All major browsers do some form of revocation checking, that includes Opera, Safari, Chrome, Firefox and Internet Explorer.

Google still does revocation checking it just does so through a proprietary mechanism called CRLsets.

As its name implies CRLsets are basically a combination of CRLs, Google crawls the web gathers CRLs and merges them together into a “mega-crl”. This mega-crl is formatted differently than other CRLs but it’s essentially the same thing but there are some important differences, the most important being that due to size concerns Google selectively chooses which CAs it includes in the CRL set and within those CRLs which revoked certificates to include.

With this understanding you have to wonder why would Google introduce this new mechanism if it not as comprehensive as the standard based ways to deal with revocation checking? The answer is simple performance and reliability.

With CRLsets Google is distributing the revocation list, and as such they can make sure that its delivered quickly they do this in-part by taking a bet that they can intelligently pick which revoked certificates are important (IMHO they cannot – revoked = revoked) and by being the one that distributes the list.

This has implications for users, Chrome trusts certificate authorities for which it has no revocation information for it also intentionally treats some revoked certificates as good which exposes you to some risk.

This is especially problematic for enterprises that use Chrome and leverage PKI, there is essentially no chance Google will decide to include your CRL. This is also problematic for those who encounter certificates from those CAs.

That’s not to say CRLsets do not have value they do, but those values have been discussed elsewhere in detail.

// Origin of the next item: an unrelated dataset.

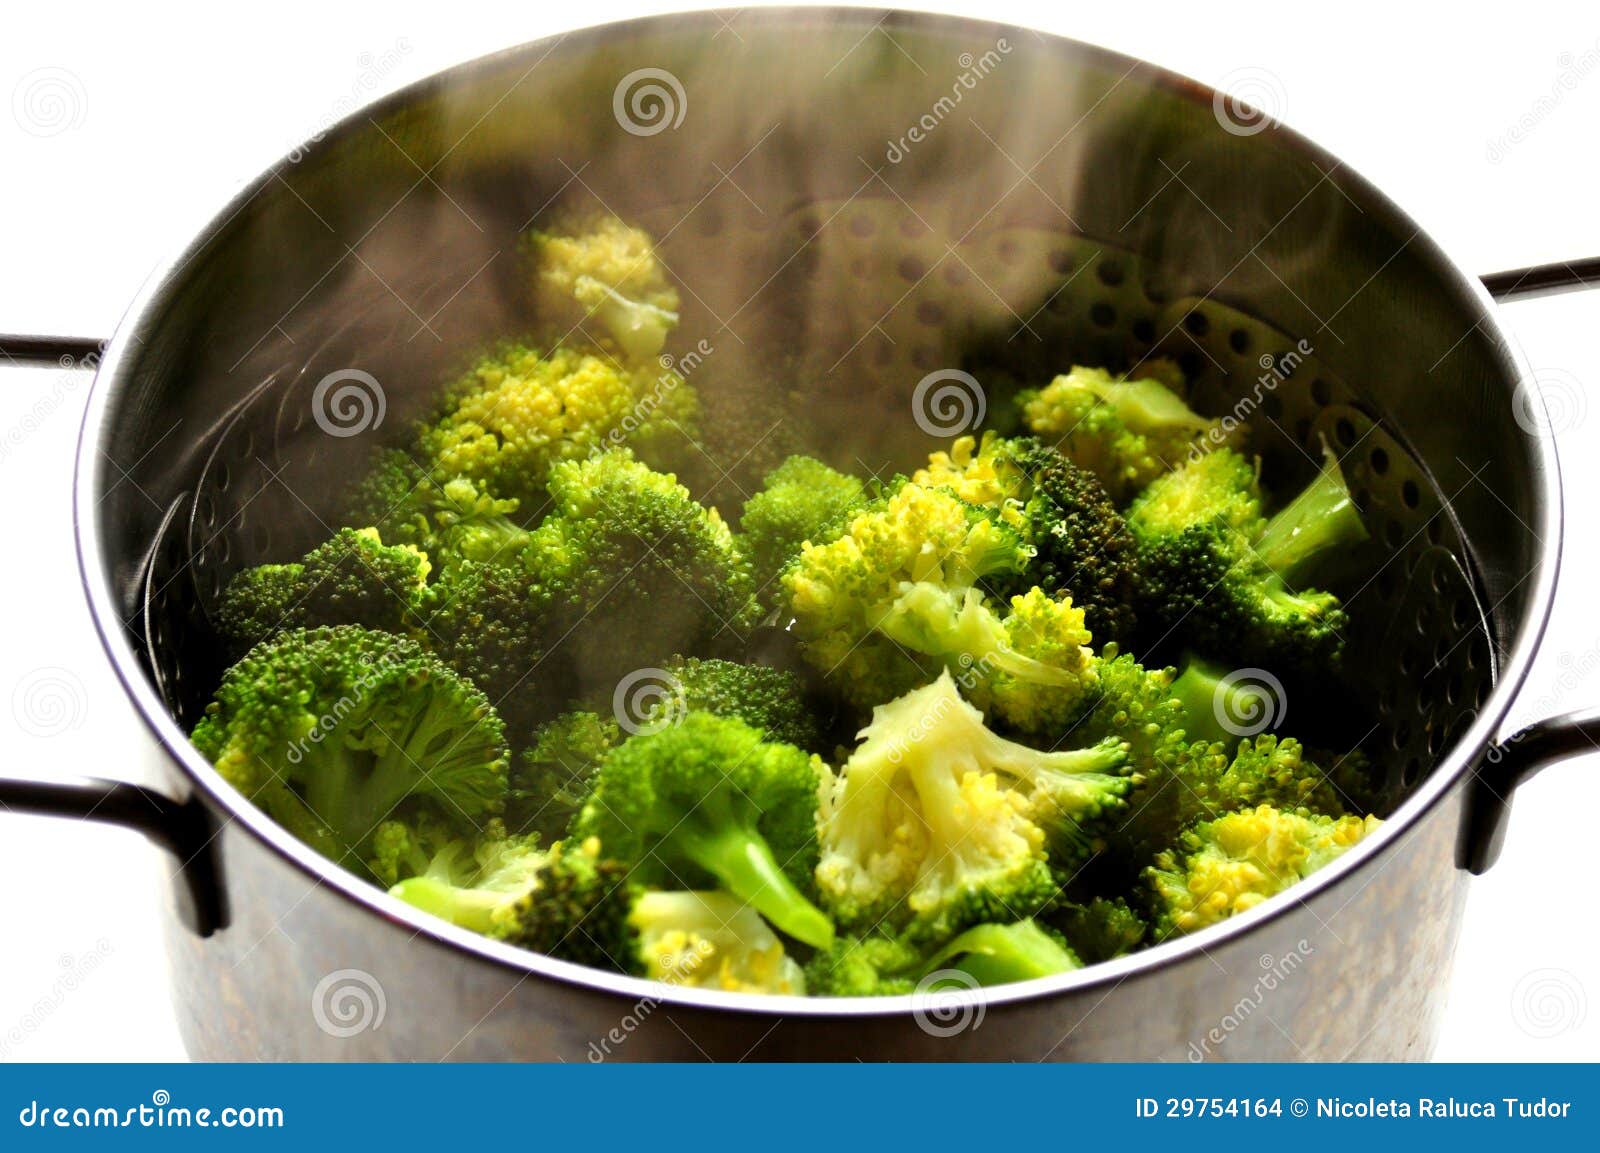 vegan food : steaming broccoli in an inox pot

But what do you do if you want a more holistic solution to revocation checking? Its simple you can turn on the standards based revocation checking mechanisms and Chrome will use them in addition to the CRLset, to do that you go to Settings and expand choose Advanced Settings where you will see:

 

 

 

Here you can re-enable the standards based revocation checking mechanisms so chrome can do a more holistic job protecting you from the known bad actors on the internet.

Ryan